How can you store a log in using mod_auth_sspi on Apache?

Question

I have an Apache x86 2.2 server set up with mod_auth_sspi in order to authenticate users. I haven't had a problem with it until I noticed something recently.

Users normally log into my website when they are on the company's intranet and in this case the authentication is automatic but when they remote in they have to log in manually. I would like to avoid this step if possible and have it log them in automatically even if they are remotely connecting to the site.
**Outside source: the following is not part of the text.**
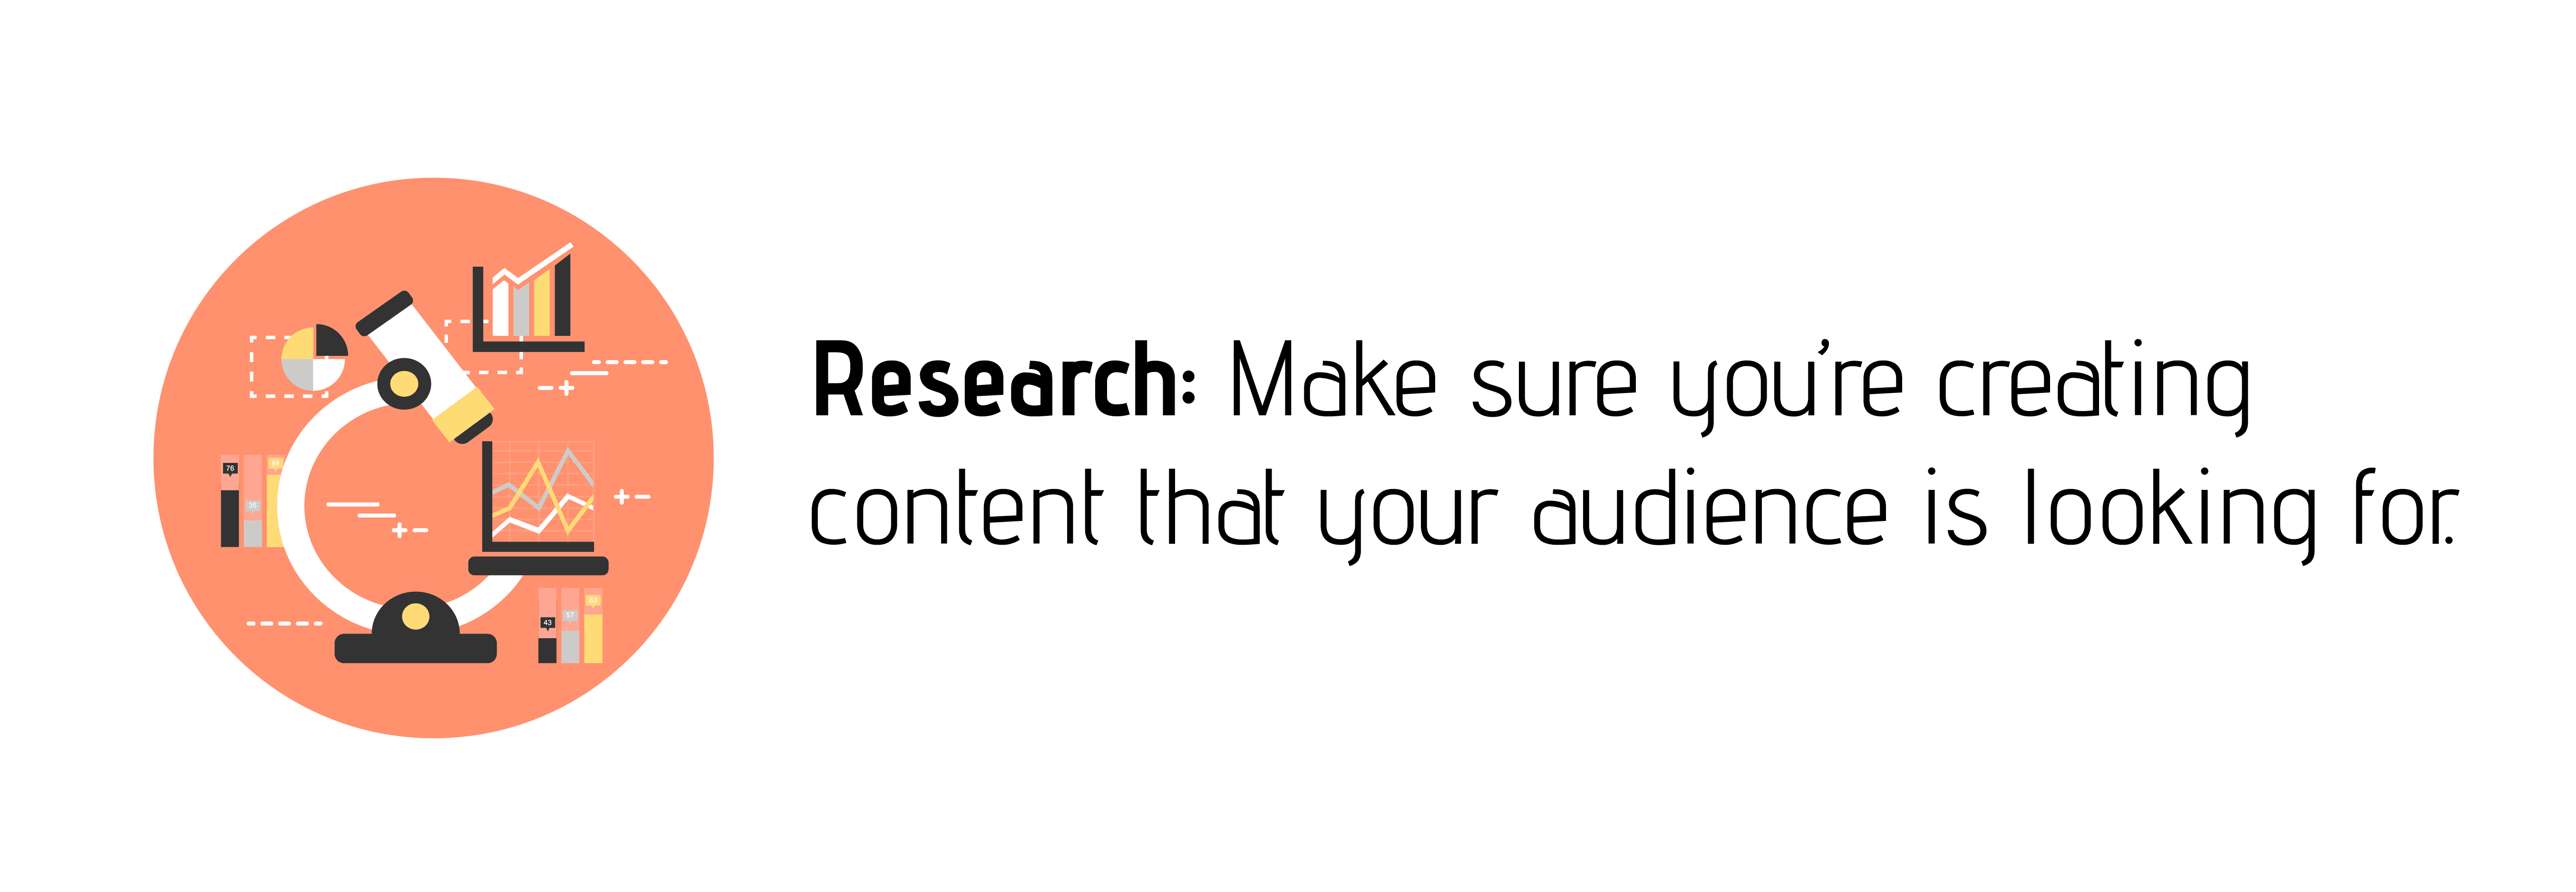 The goal of a content marketing is to create and distribute valuable content to a relevant market to attract that audience.

Is it possible to store the authentication as a cookie on the user's machine so that it will remember their credentials for connecting to the server later? I am fairly new to Apache and was kind of lost in the documentation.

Answer 1

So it turns out that the session doesn't need to be stored as a cookie and that the authentication will work off the network but just requires browser settings to be changed. I tested these steps out and it worked for me.

• Firefox:
  1. Open a new tab
  2. Type 'about:config', minus the quotes, into the address bar
  3. Promise firefox that you'll be careful
  4. Search for 'network.automatic-ntlm-auth.trusted-uris', minus the quotes
  5. Double click the item
  6. Add [insert server address here] to the string
• Chrome & IE:
  1. Open IE
  2. Go to Tools > Internet Options > Security Tab > Select Local Intranet > Click the Sites button > Advanced > Add https://[insert server address here] > Close > OK > OK
  3. Restart your browser
  Chrome uses the same settings that are applied to the IE browser, so in order to set up Chrome then just make sure that it is configured in the same way that IE is.

I did not test Safari though, so I am unsure if they follow the same settings as Chrome or if they also need special configuration. Anyways, this didn't answer my original question but did solve my problem.